Die finanzielle Situation hat sich in diesem Jahr für viele Menschen in Österreich weiter verschärft und mit einer entscheidenden Erleichterung ist unmittelbar leider nicht zu rechnen, so Götze.

Die kontinuierlichen Kostensteigerungen sind nicht nur in den Unternehmen ein brandheißes Thema, sondern auch in den österreichischen Privathaushalten. Haben sich die Preise unter anderem bei Lebensmitteln und Wohnungsmieten bereits in den Vorjahren stetig erhöht, kann auch im Jahr 2023 von keiner Entspannung berichtet werden – ganz im Gegenteil. Denn wie eine KSV1870 Umfrage im Herbst gezeigt hat, bemerken 54 Prozent der heimischen Betriebe einen deutlichen Kaufkraftverlust bei den Konsumenten. „Die finanzielle Situation hat sich in diesem Jahr für viele Menschen in Österreich weiter verschärft und mit einer entscheidenden Erleichterung ist unmittelbar leider nicht zu rechnen“, so MMag. Karl-Heinz Götze, MBA, Leiter KSV1870 Insolvenz. Trotz dieser allgemein prekären Lage befinden sich die eröffneten Schuldenregulierungsverfahren weiterhin nicht auf Vorkrisenniveau: Zwar wurden in diesem Jahr mit 8.956 Eröffnungen um 9,5 Prozent mehr private Pleiten gezählt als im vergangenen Jahr, doch auf das Ergebnis des Vorkrisenjahres 2019 (9.456 Privatkonkurse) fehlen nach wie vor rund fünf Prozent. 

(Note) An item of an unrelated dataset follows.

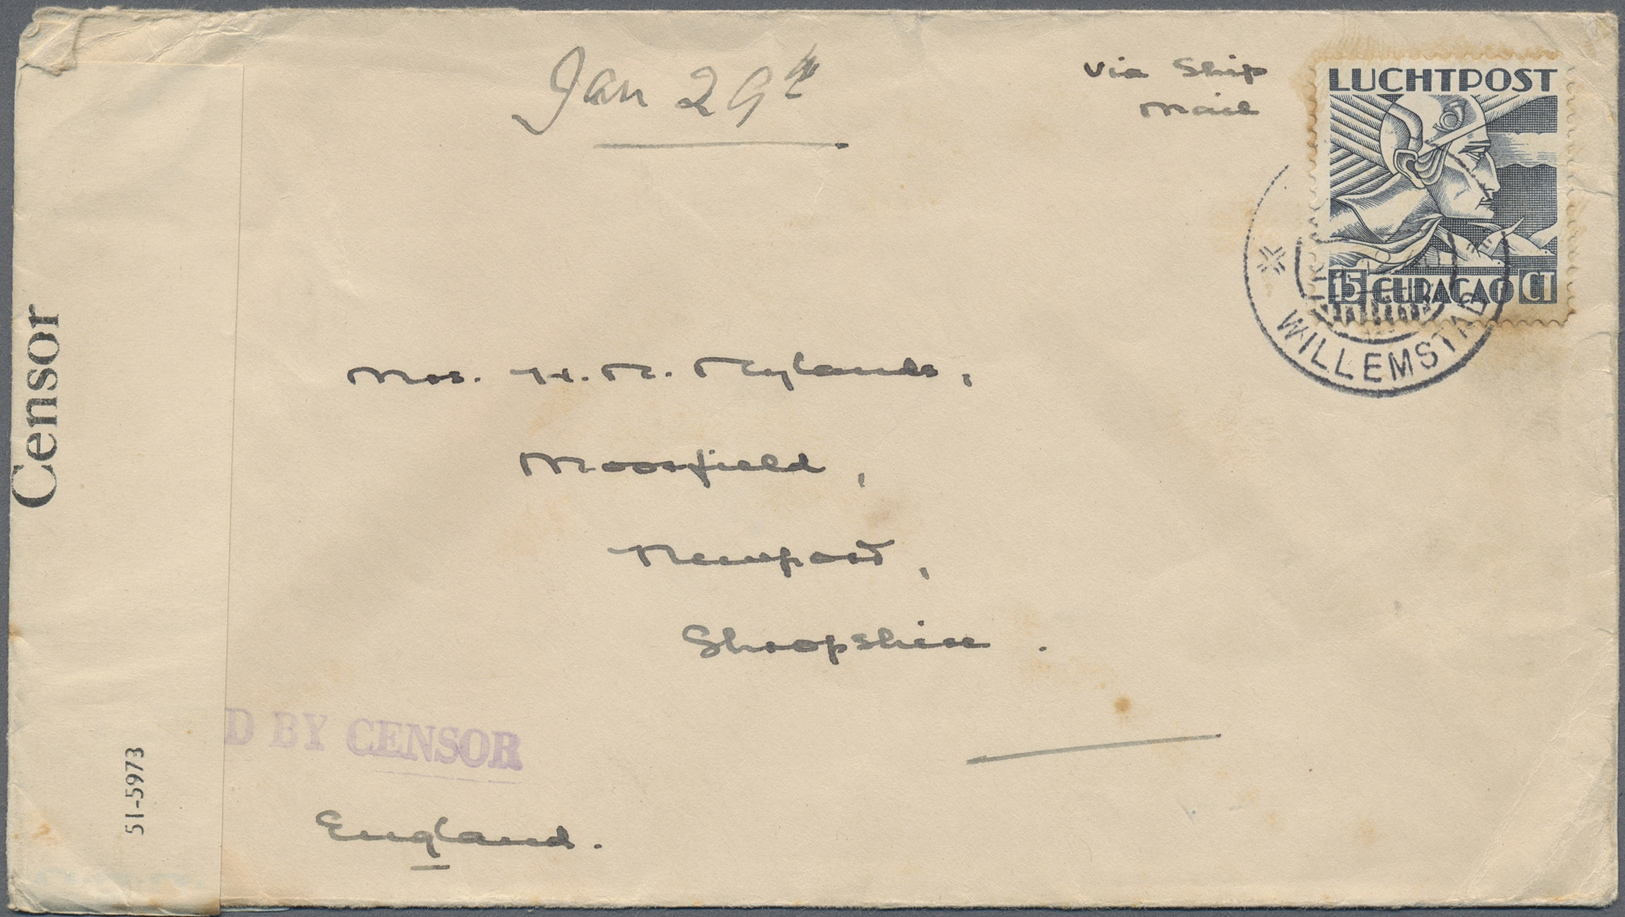 Br Curacao: 1940. Air Mail Envelope Addressed To England Bearing Air Mail Yvert 5, 15c Grey Tied By Willemstad Date Stam - Curacao, Netherlands Antilles, Aruba

Ähnliches Niveau das ganze Jahr über
Wie aus der aktuellen KSV1870 Hochrechnung weiters hervorgeht, wurden in den vier Quartalen des Jahres 2023 jeweils zwischen rund 2.100 und knapp 2.400 private Schuldenregulierungsverfahren eröffnet. Es kann an dieser Stelle somit von einer gewissen Kontinuität gesprochen werden. Während das zweite Quartal mit exakt 2.376 Fällen die intensivste Phase war, war es zwischen Juli und August mit 2.098 Eröffnungen eine Nuance ruhiger. Generell geht Götze aber davon aus, dass die Zahl der Privatkonkurse in nächster Zeit aufgrund der anhaltend hohen Kosten weiter steigen wird: „Aus der Erfahrung heraus wissen wir, dass Privatkonkurse zumeist mit einer gewissen Verzögerung eintreten. In wirtschaftlich turbulenten Zeiten steigen zuerst die Unternehmensinsolvenzen und erst nachgelagert die privaten Pleiten.“ 

Zuwächse in allen Bundesländern mit einer Ausnahme
Parallel zum Anstieg der eröffneten Schuldenregulierungsverfahren auf Bundesebene verzeichnen nahezu alle neun Bundesländer einen (teils deutlichen) Anstieg. Einzig in der Steiermark gibt es mit 1.048 Privatkonkursen um 0,1 Prozent weniger Fälle als im vergangenen Jahr. Ganz anders zeigt sich die Situation im Westen Österreichs: Vorarlberg verzeichnet mit einem Zuwachs von rund 36 Prozent das deutlichste Plus. Darüber hinaus liegt nach absoluten Zahlen weiterhin die Bundeshauptstadt Wien mit rund 2.900 Fällen „in Führung“.